Cassandras não percebem um fenômeno delicioso: a democratização da opinião, típica do mundo contemporâneo, proporcionou à crítica de cinema um renascimento vigoroso. Mesmo quem trabalha na imprensa tradicional, hoje alcança muito mais leitores do que um crítico de 1990. E o livre transitar de profissionais – entre blogs, revistas, jornais impressos – gera acúmulo de experiências e novas possibilidades, cada vez mais amplas e sofisticadas.
Escrevo sobre cinema desde que me entendo por gente. No início dos anos 90, com 14, 15 anos virei uma consumidora compulsiva de videolocadoras, ao ponto de alugar dez, doze fitas de uma só vez. Tinha sorte de morar em uma cidade e um bairro – Rio de Janeiro, Copacabana – onde as videolocadoras só competiam em quantidade com as farmácias, os puteiros e os botequins.
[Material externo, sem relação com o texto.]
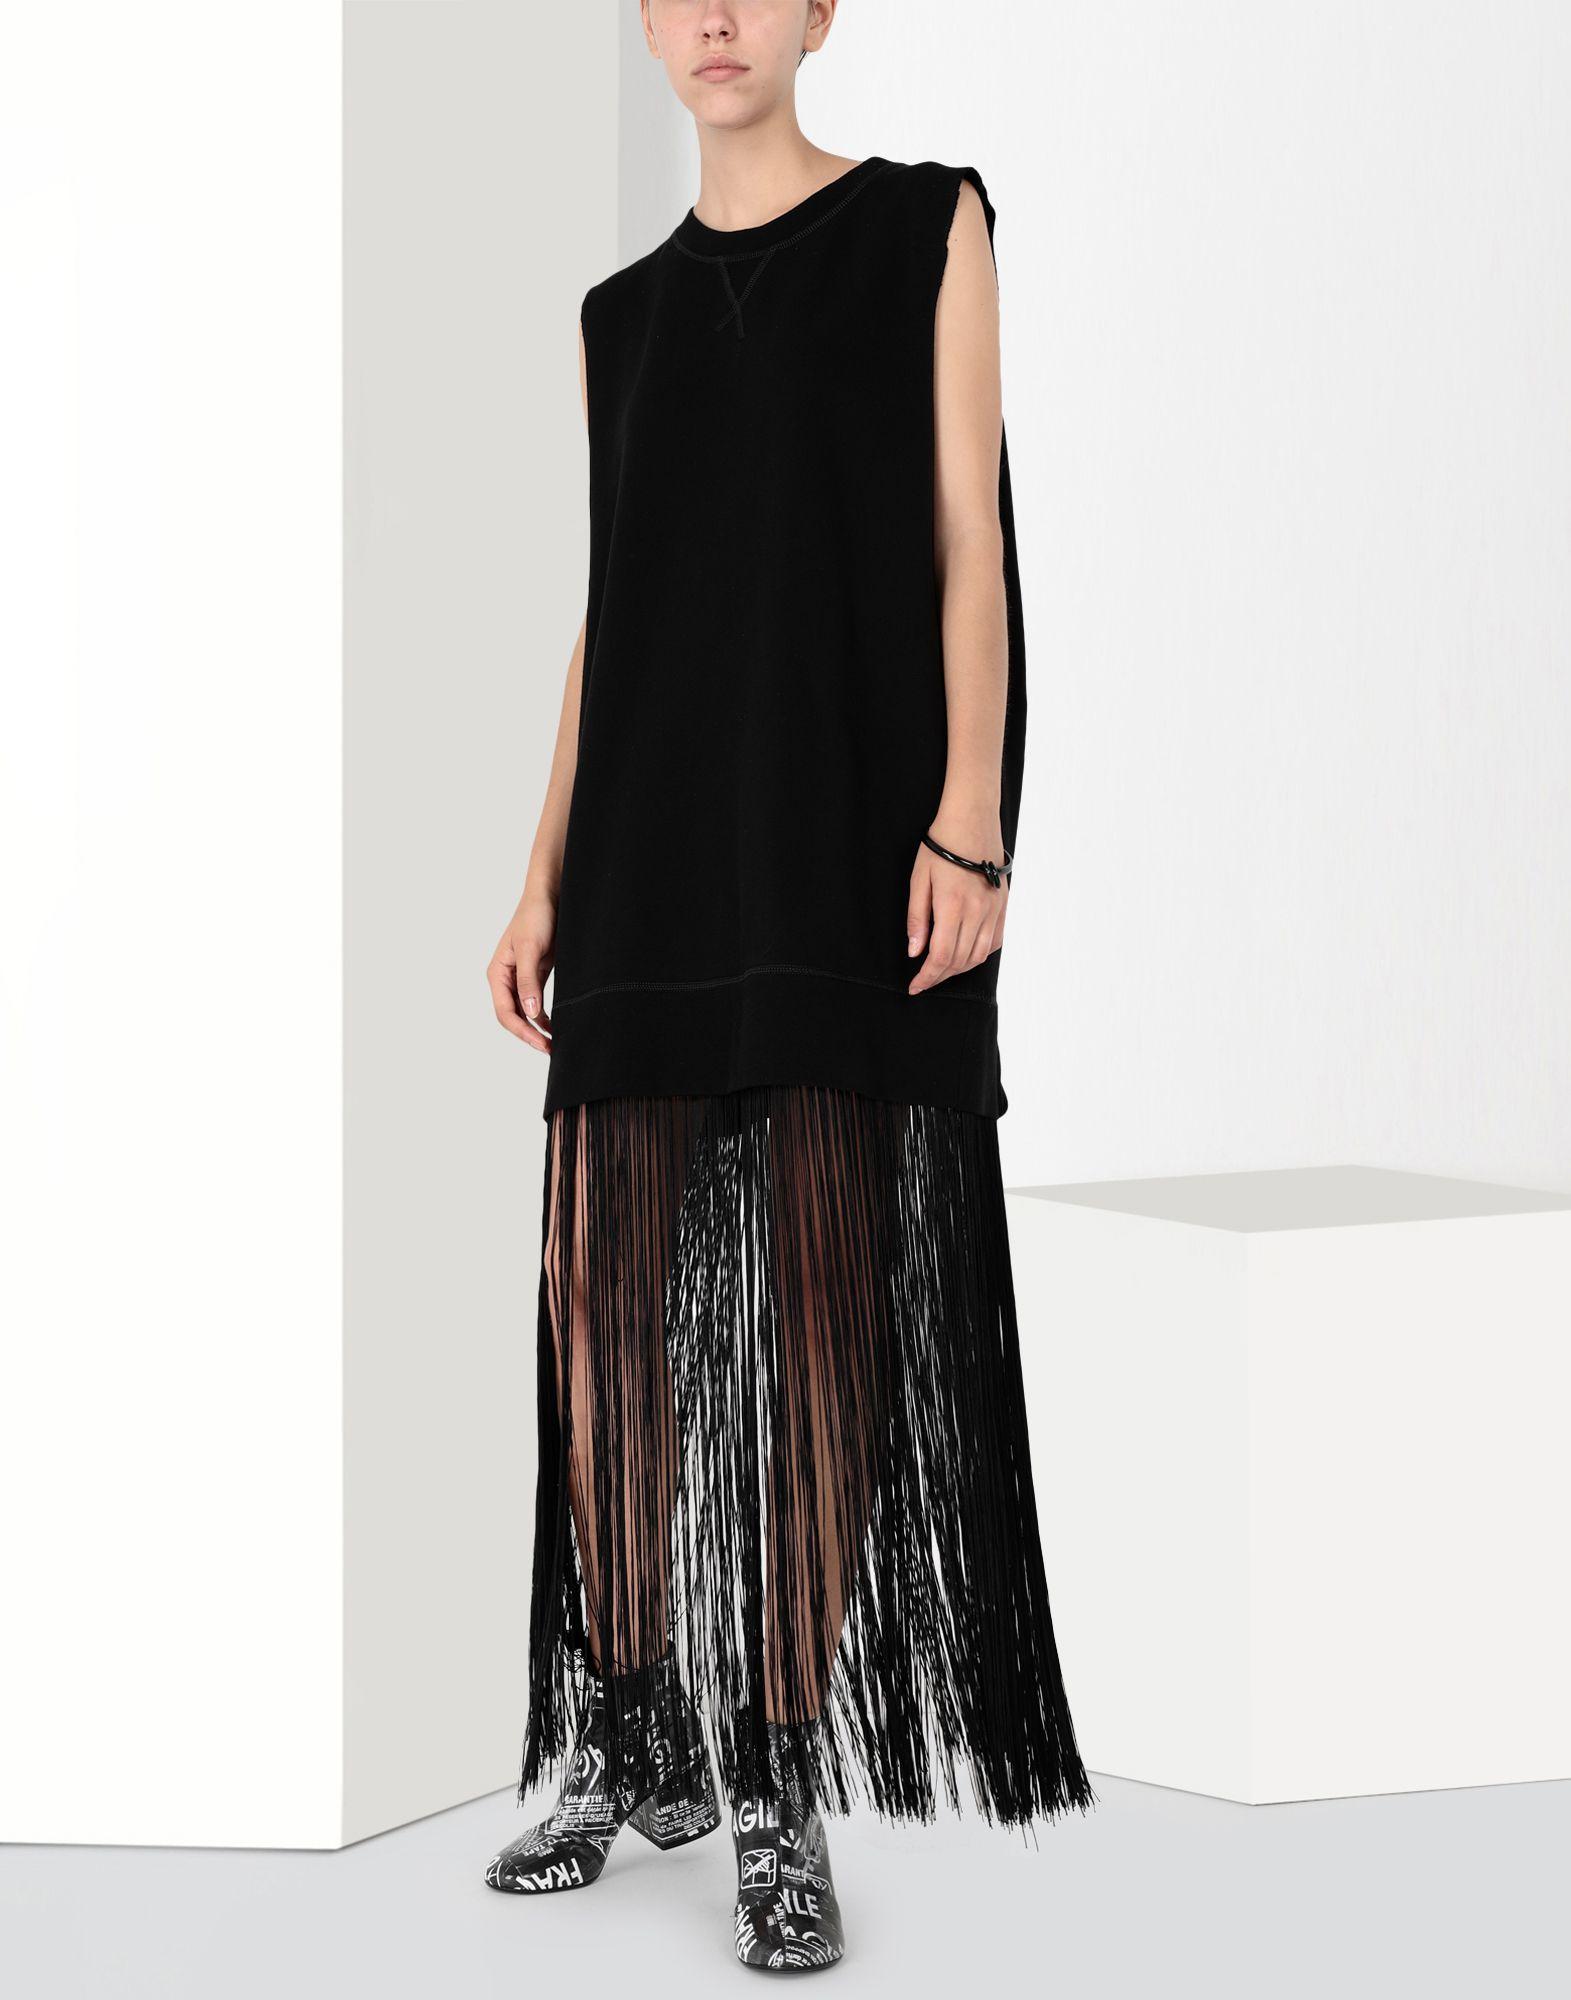 MM6 MAISON MARGIELA Jumper dress with fringes Long dress Woman r

Assistindo ao documentário CineMagia: A História das Videolocadoras de São Paulo (2017), confirmei a revolução mental que a locação de filmes promoveu na minha geração. Era prenúncio do futuro. Não dependíamos mais de programadores de salas, curadores de mostras – sujeitos sempre a contingências extra-fílmicas –, e isso possibilitou a cada um construir seu próprio repertório. Ninguém imaginava, mas dali a poucos anos, jovens de diversas partes do Brasil criariam blogs e revistas, em parte sobre os títulos que garimpavam nas locadoras. E que formaram memórias afetivas singulares e poderosas. Sábio foi Carlos Reichenbach, homem da velha guarda, quem melhor entendeu o novo fenômeno em tempo real. Reichenbach legitimou, não desdenhou – como tantos – de quem estava chegando, com sonhos nos olhos.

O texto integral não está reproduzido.